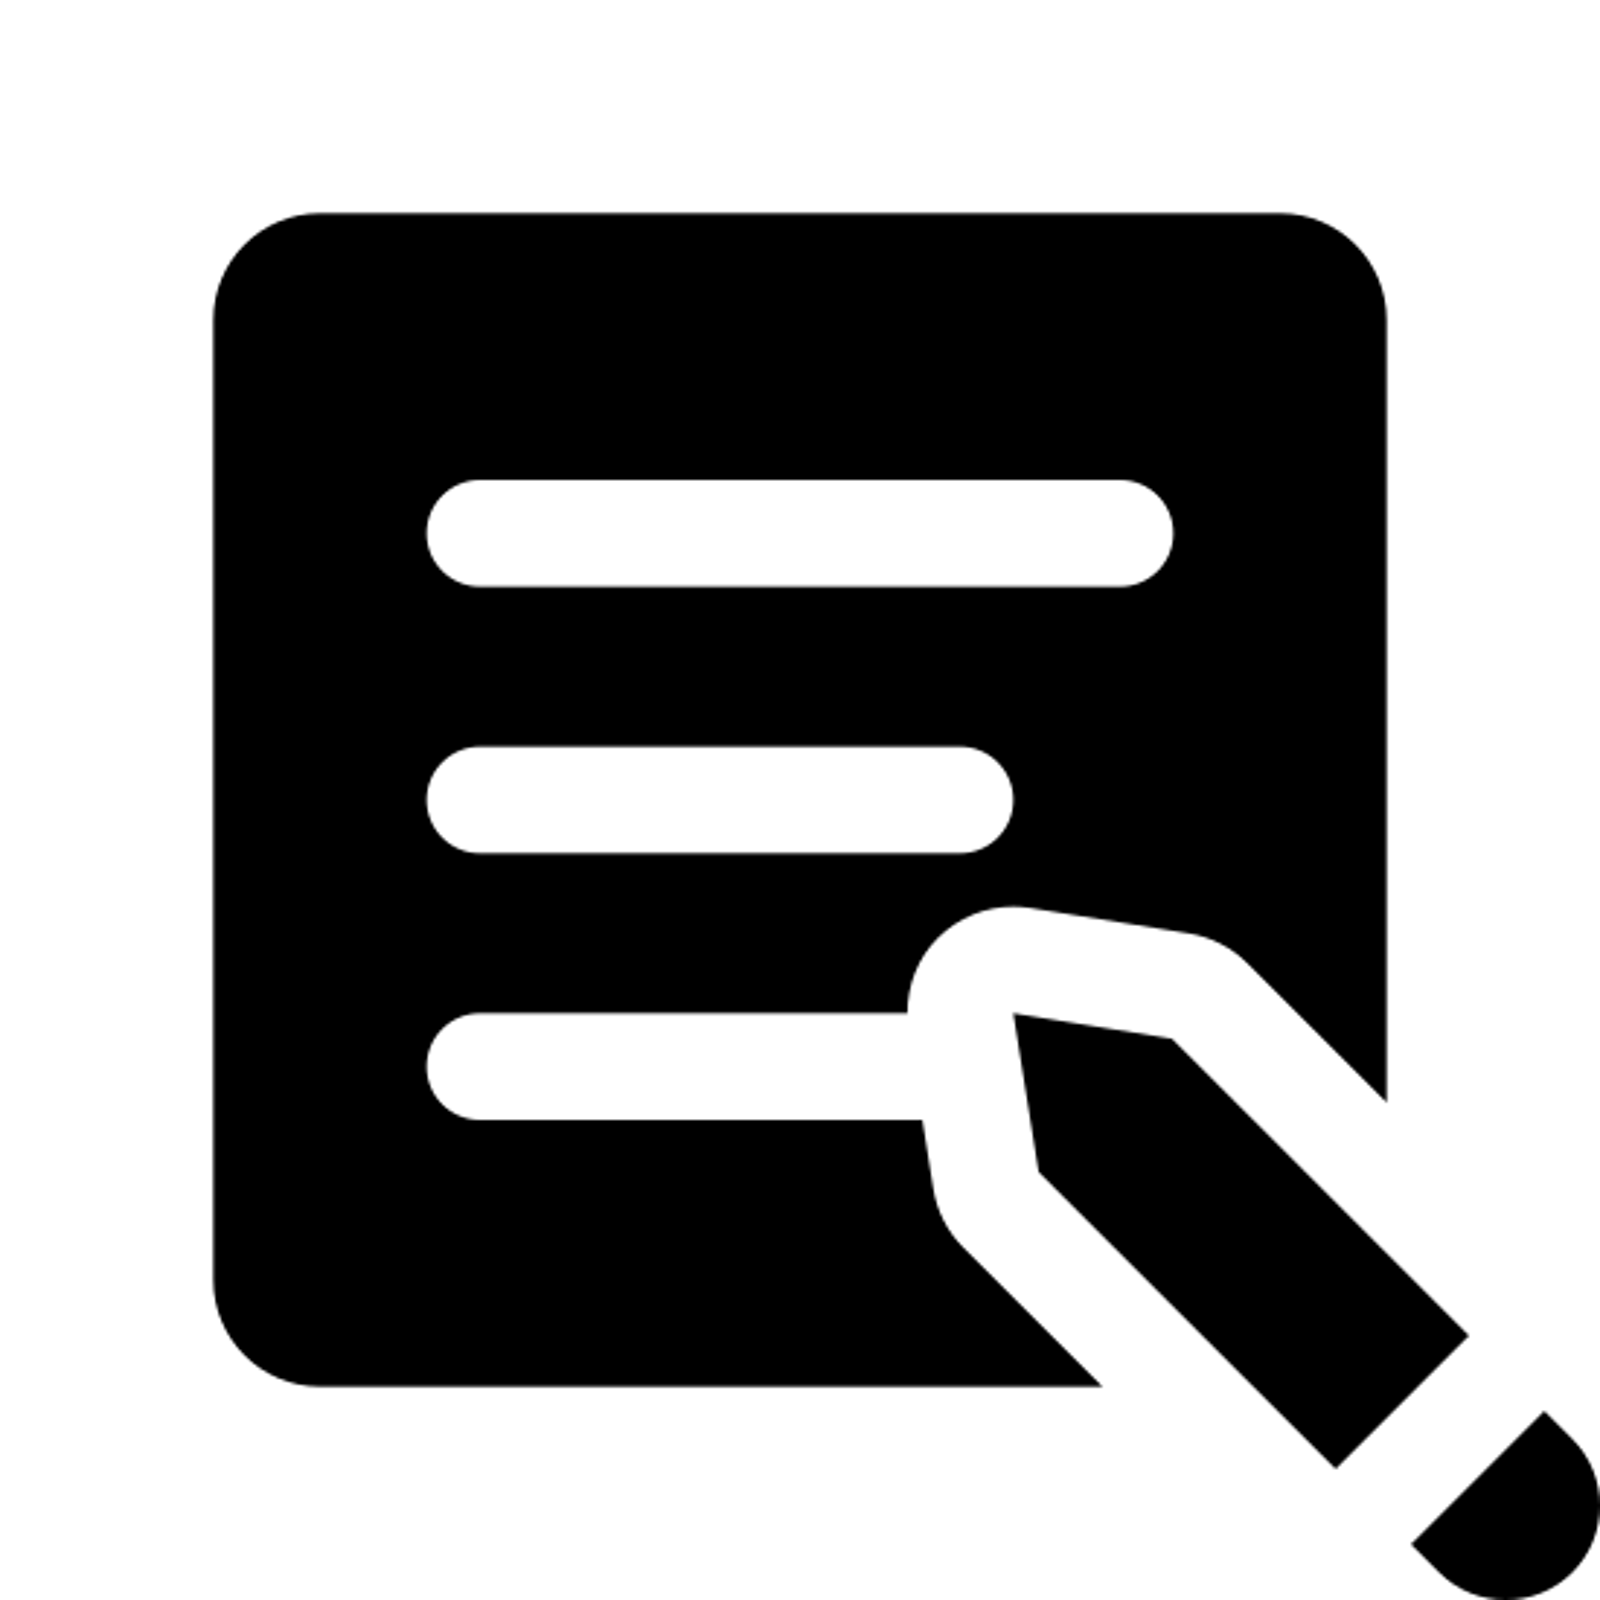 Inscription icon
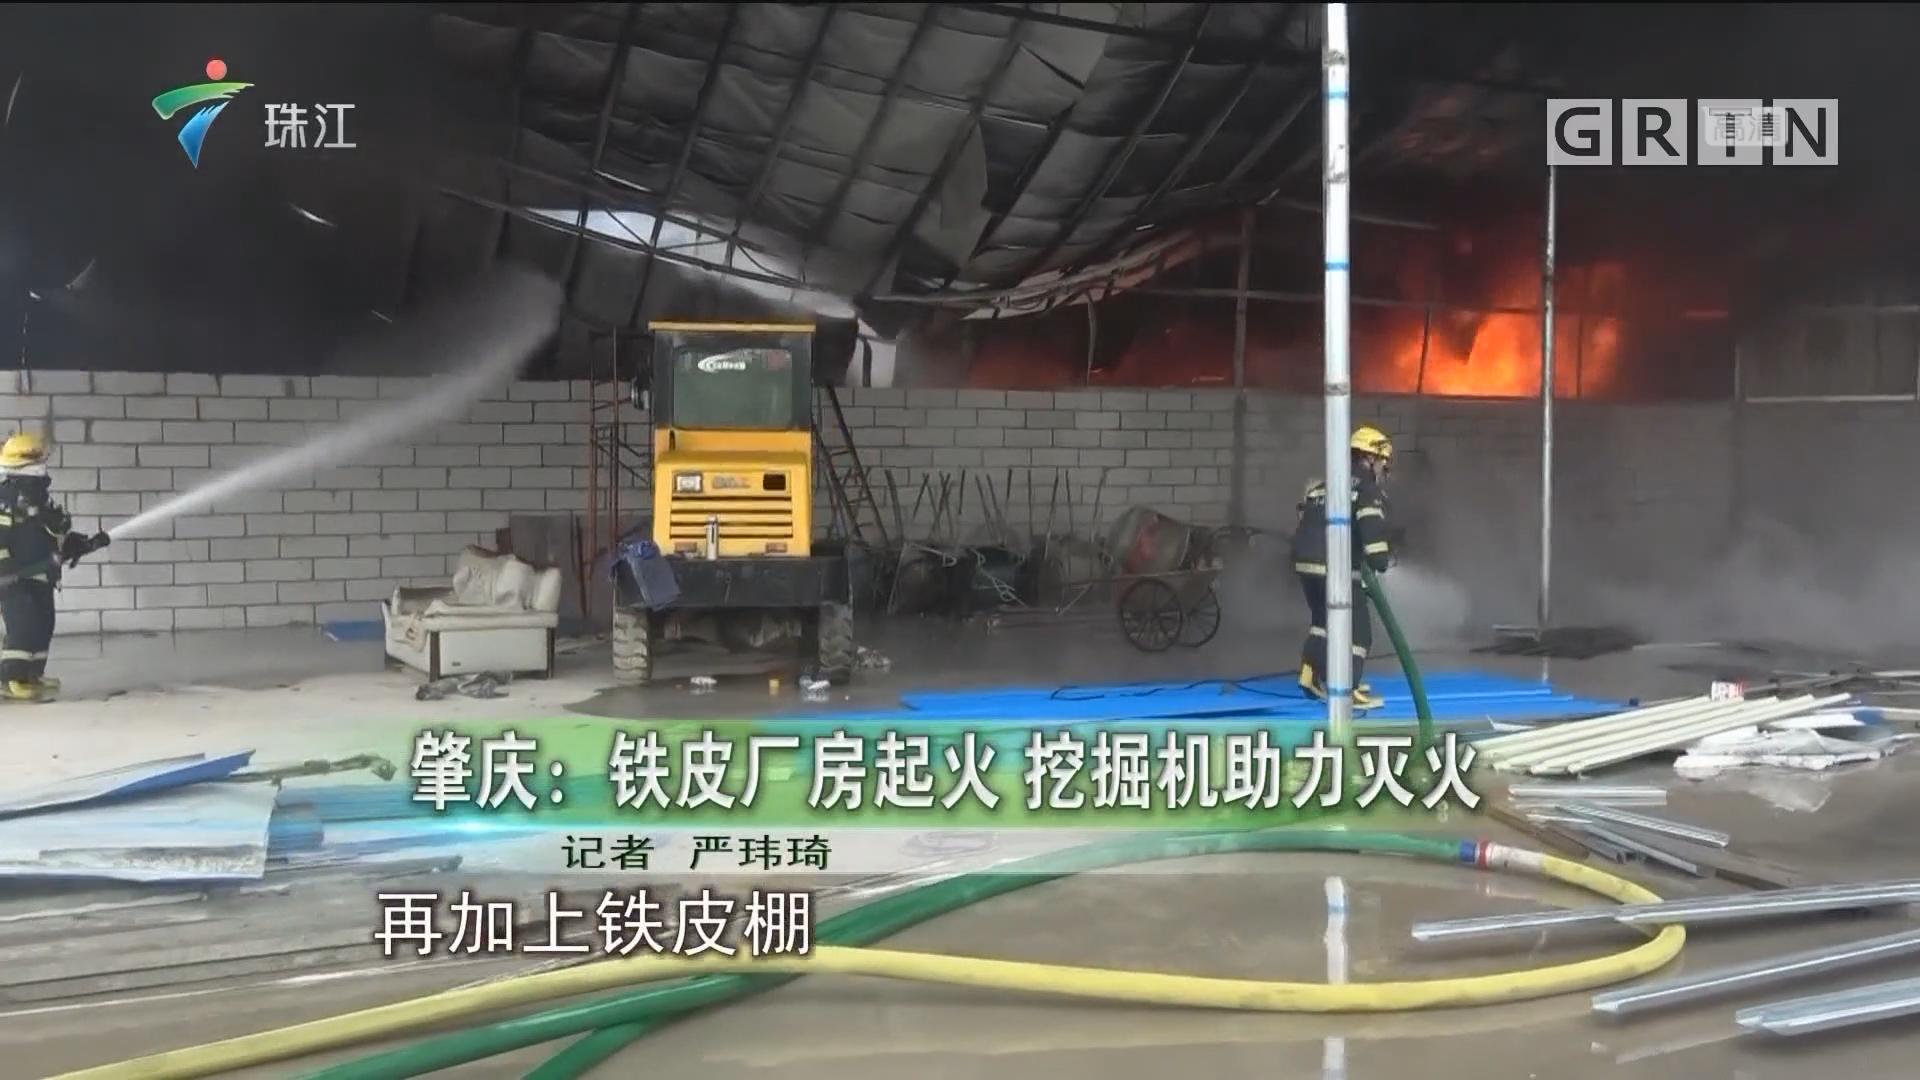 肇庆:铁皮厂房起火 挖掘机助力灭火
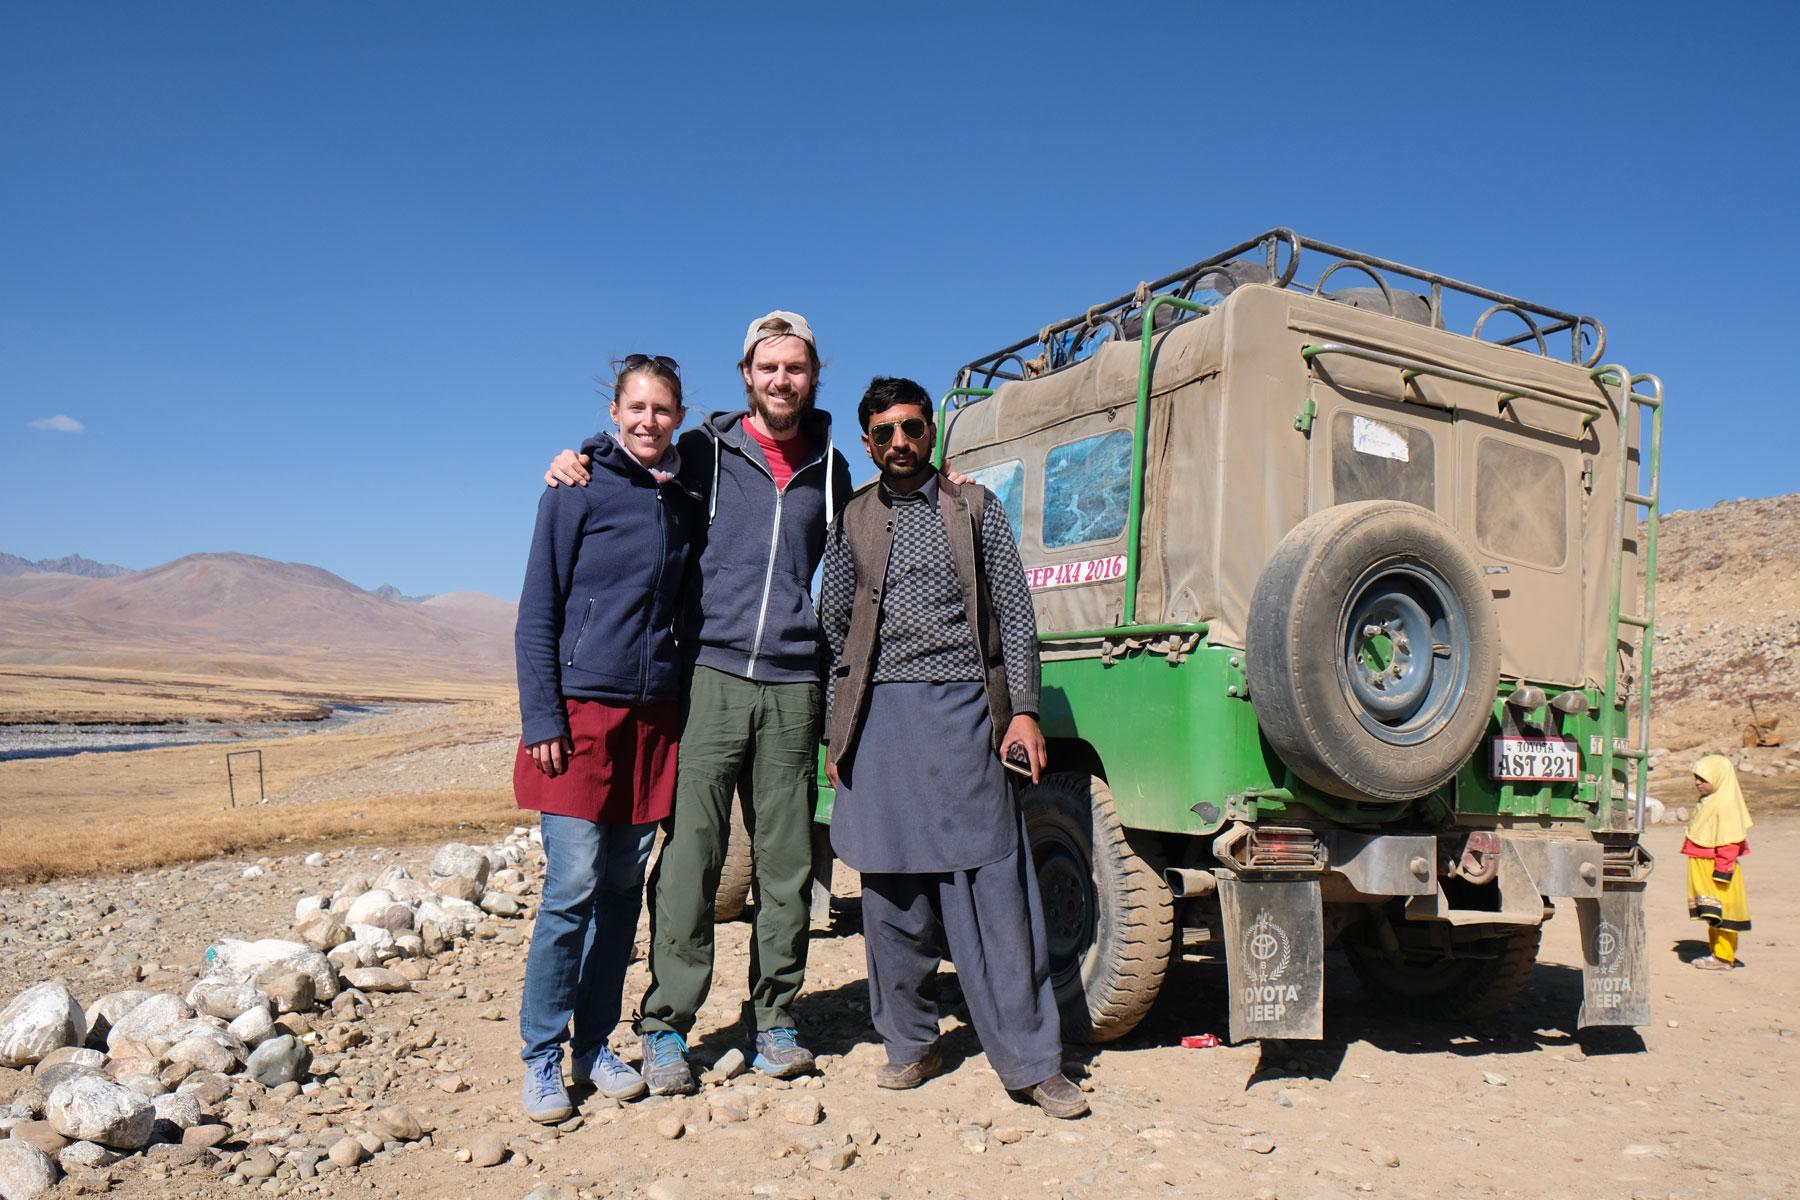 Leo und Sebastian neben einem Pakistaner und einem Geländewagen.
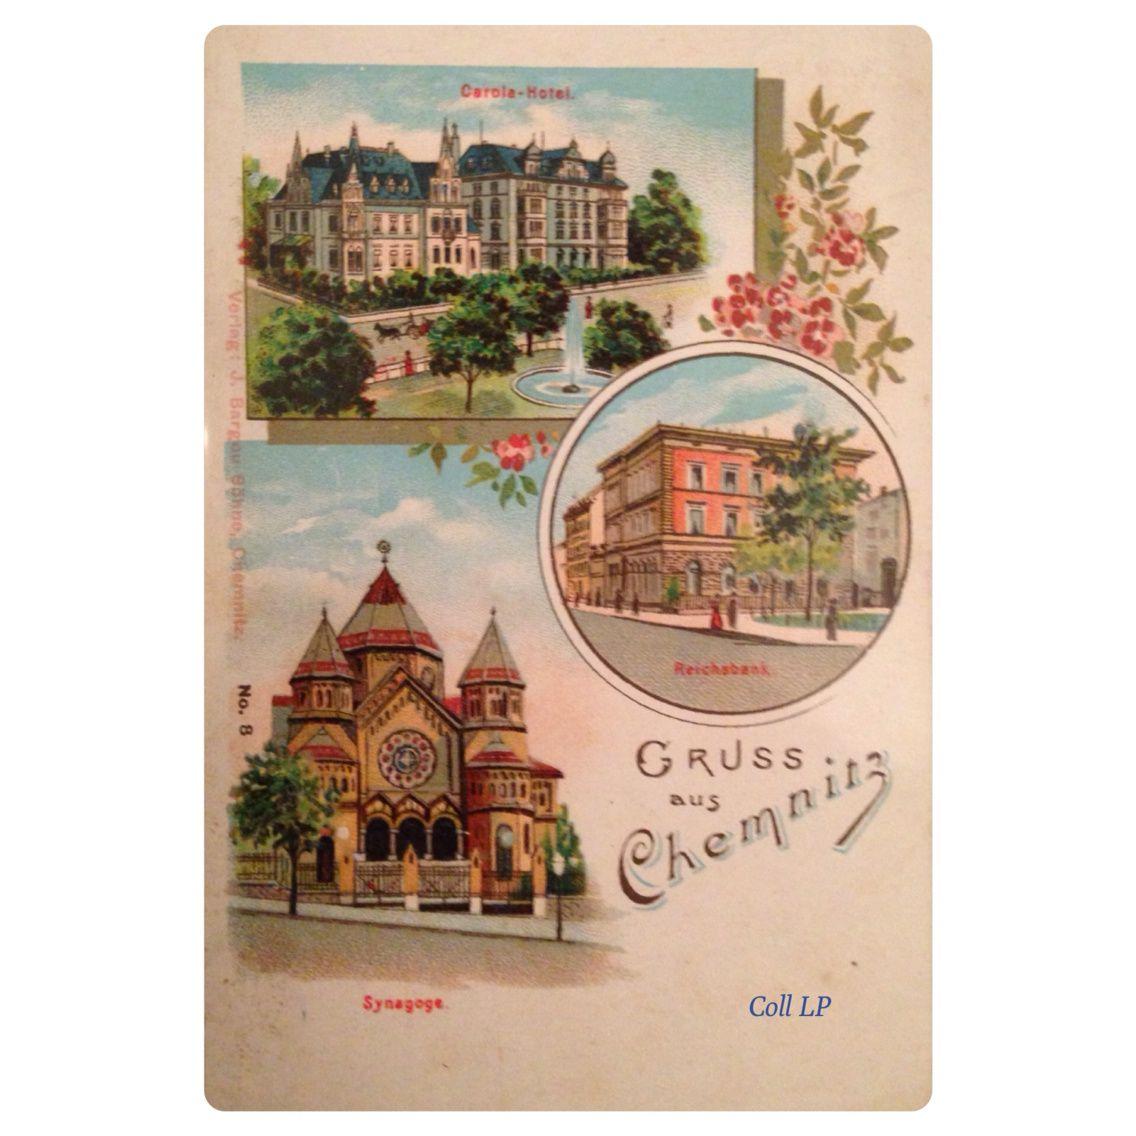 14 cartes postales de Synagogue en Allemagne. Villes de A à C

_ _ _

Exercise goal: Copy exactly, and copy only, the lines from the one bearing "肇庆:铁皮厂房起火 挖掘机助力灭火" through the closing line of the material, with both ends kept and pictures removed.

Output for this task:
 肇庆:铁皮厂房起火 挖掘机助力灭火
 Leo und Sebastian neben einem Pakistaner und einem Geländewagen.
 14 cartes postales de Synagogue en Allemagne. Villes de A à C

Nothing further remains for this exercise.